В отличие от Шумкова, сидевший рядом Юрий Котлер, пятидесятилетний вице-президент ВТБ, бесконечно балагурил и бормотал тосты, не переставая обнимать жену. Наталья, так звали госпожу Котлер, объятий не чуралась, но старалась держаться обособленно-достойно, словно оспаривая у мужа право собственности на себя. Мозгалевский, любивший щегольнуть красотой своих дам, почувствовал уязвленность от блеска и шарма чужой жены, перед которой достоинства Полины смотрелись уныло, даже несмотря на разницу в возрасте. Шелковистое золото волос кудрями струилось на тонкие открытые плечи, длинную жилистую шею окутывало бриллиантовое колье, сверкавшее в строгой роскоши черного шелка, стягивавшего великолепное тело.
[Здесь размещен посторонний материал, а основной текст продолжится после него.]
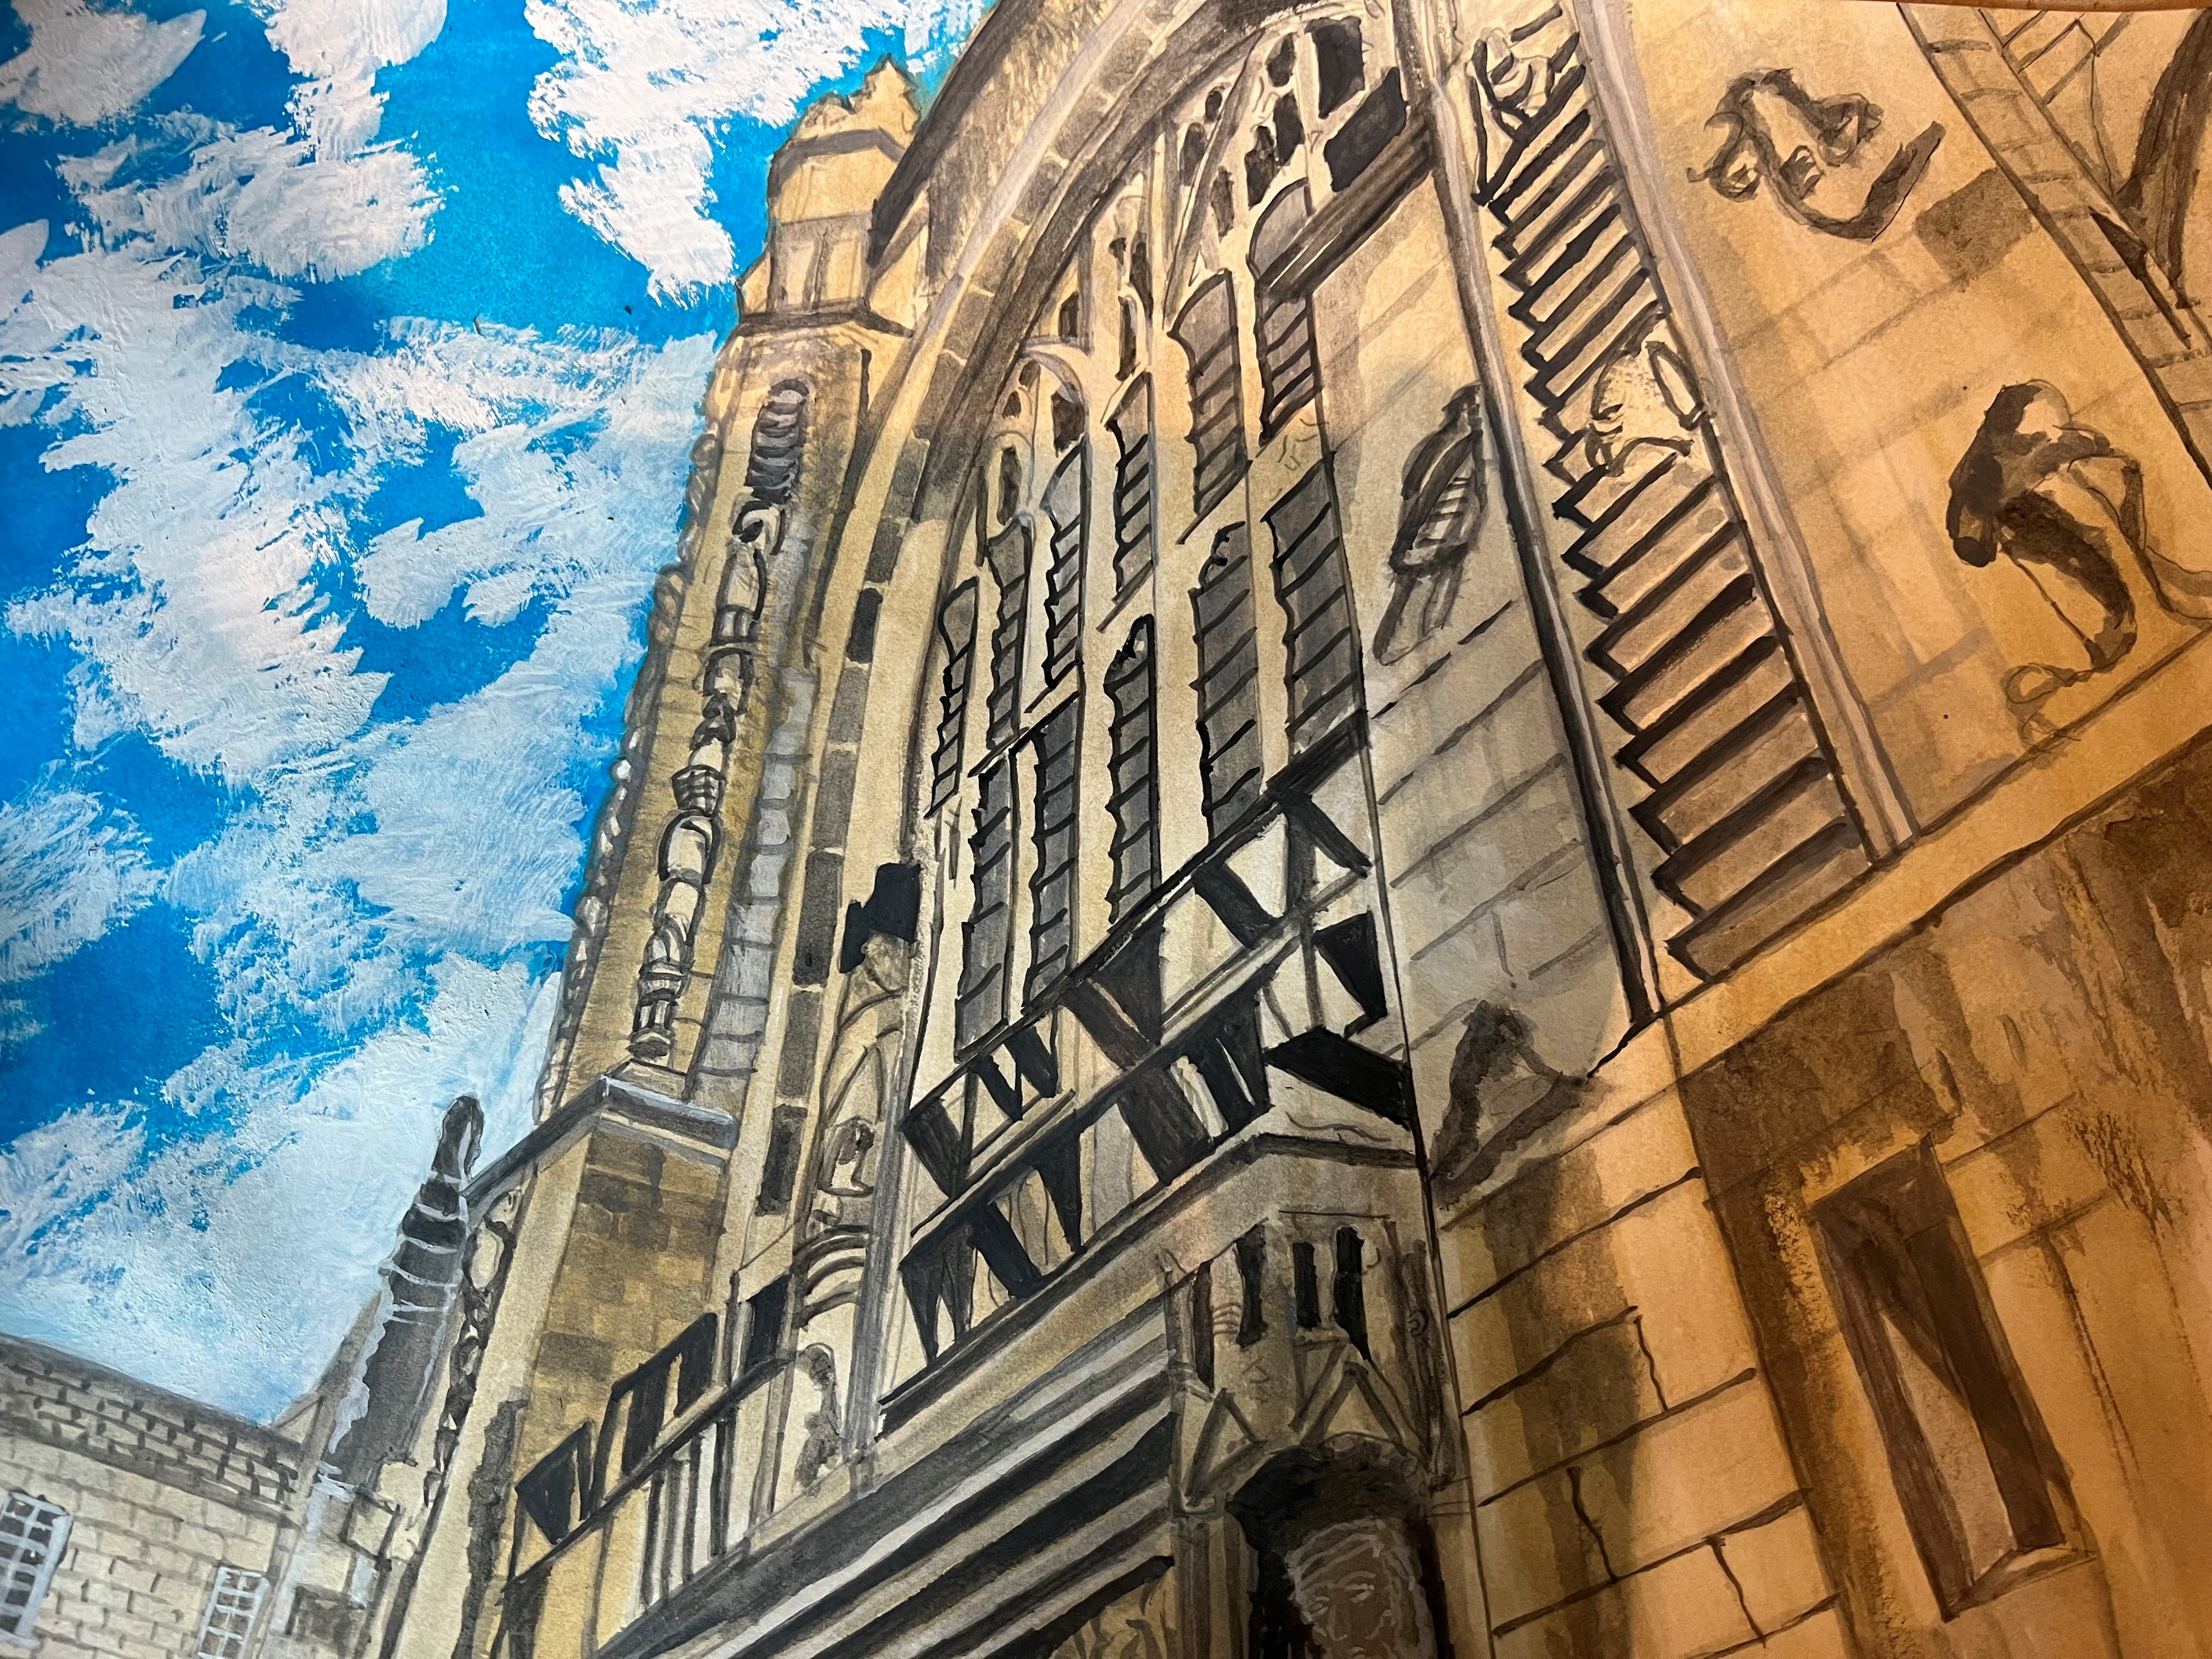 My painting of the west front of Bath Abbey Church in England
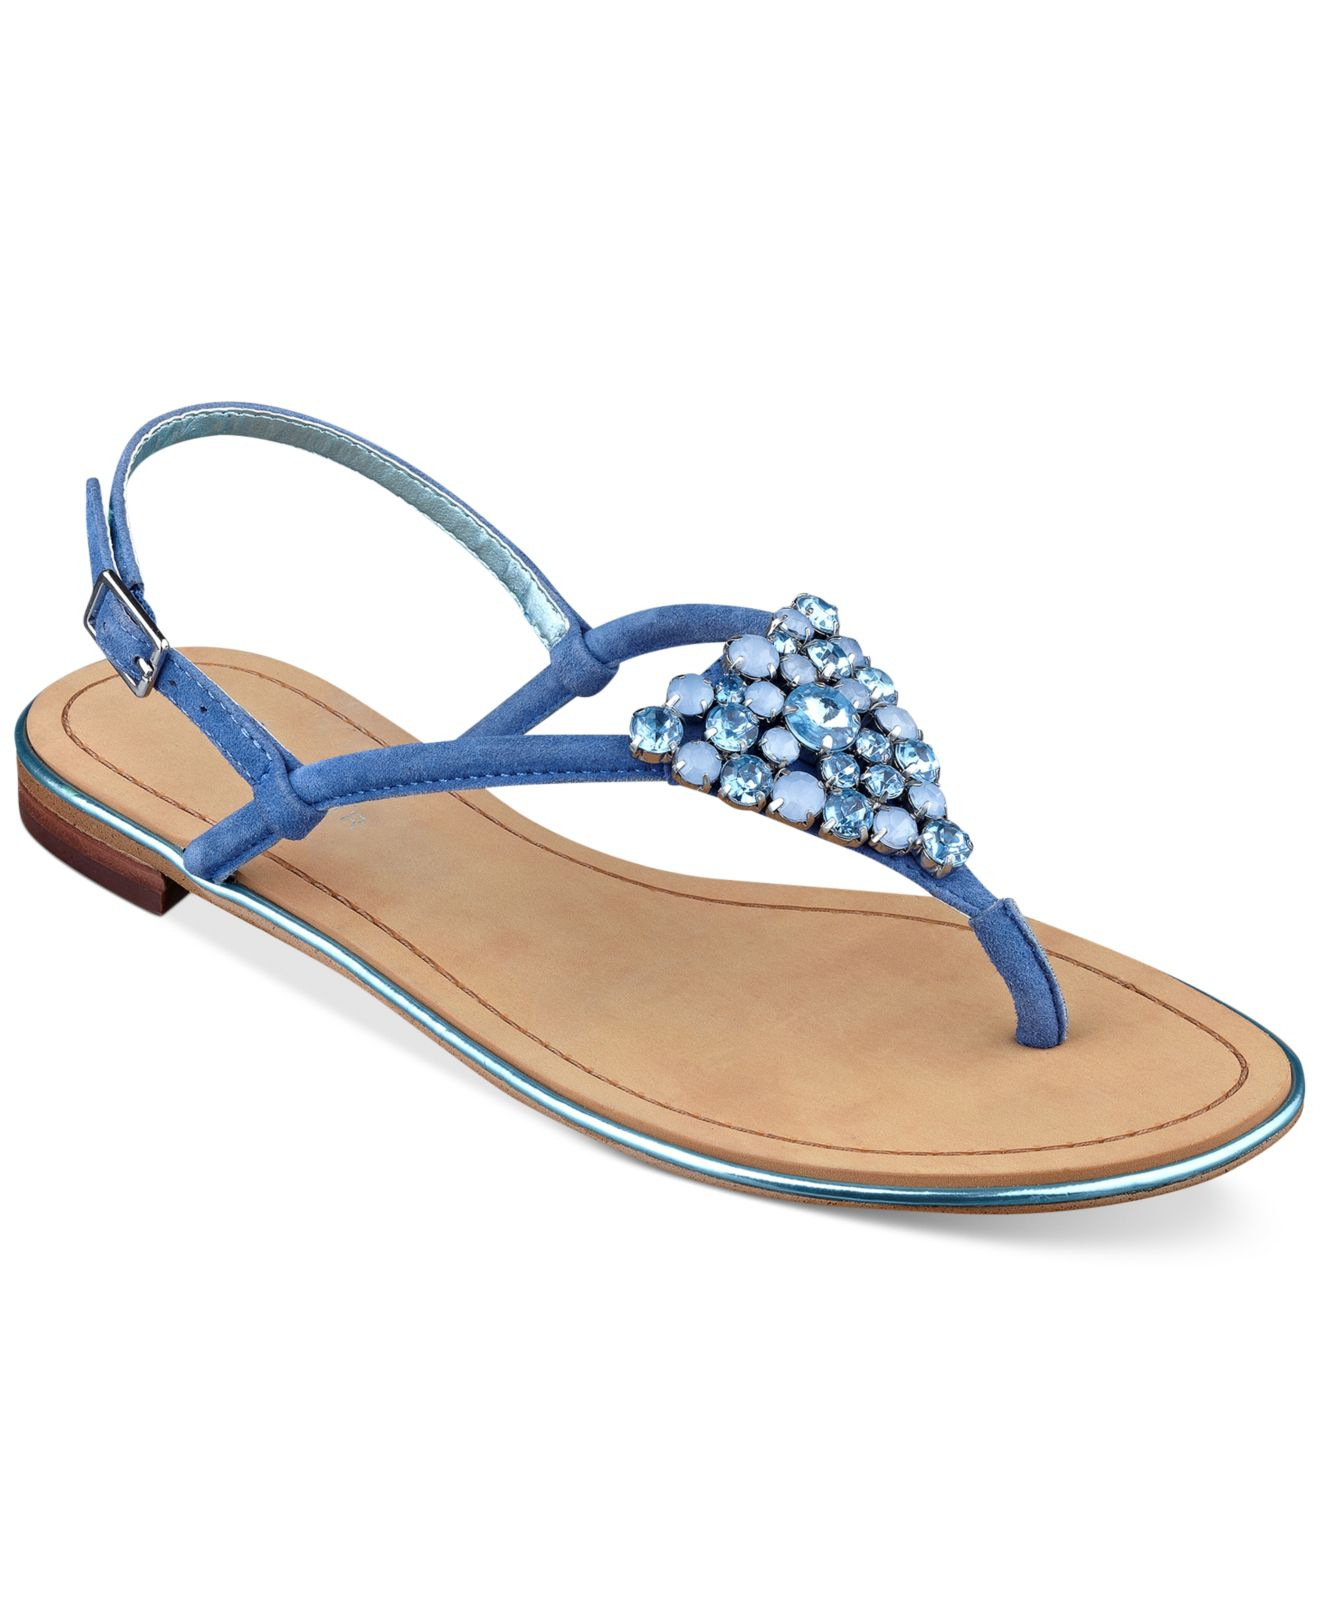 Marc fisher Rady Thong Sandals in Blue (Blue )

Когда-то госпожа Котлер служила лицом фирмы Dior, несколько лет подряд не сходила с обложек французского глянца. Дама любила Париж и не любила Россию, считая себя француженкой с русскими корнями.
Полина, почувствовав легкую оторопь своего спутника, в душе негодовала, проклиная блистающую соседку, юбилей и самого Мозгалевского.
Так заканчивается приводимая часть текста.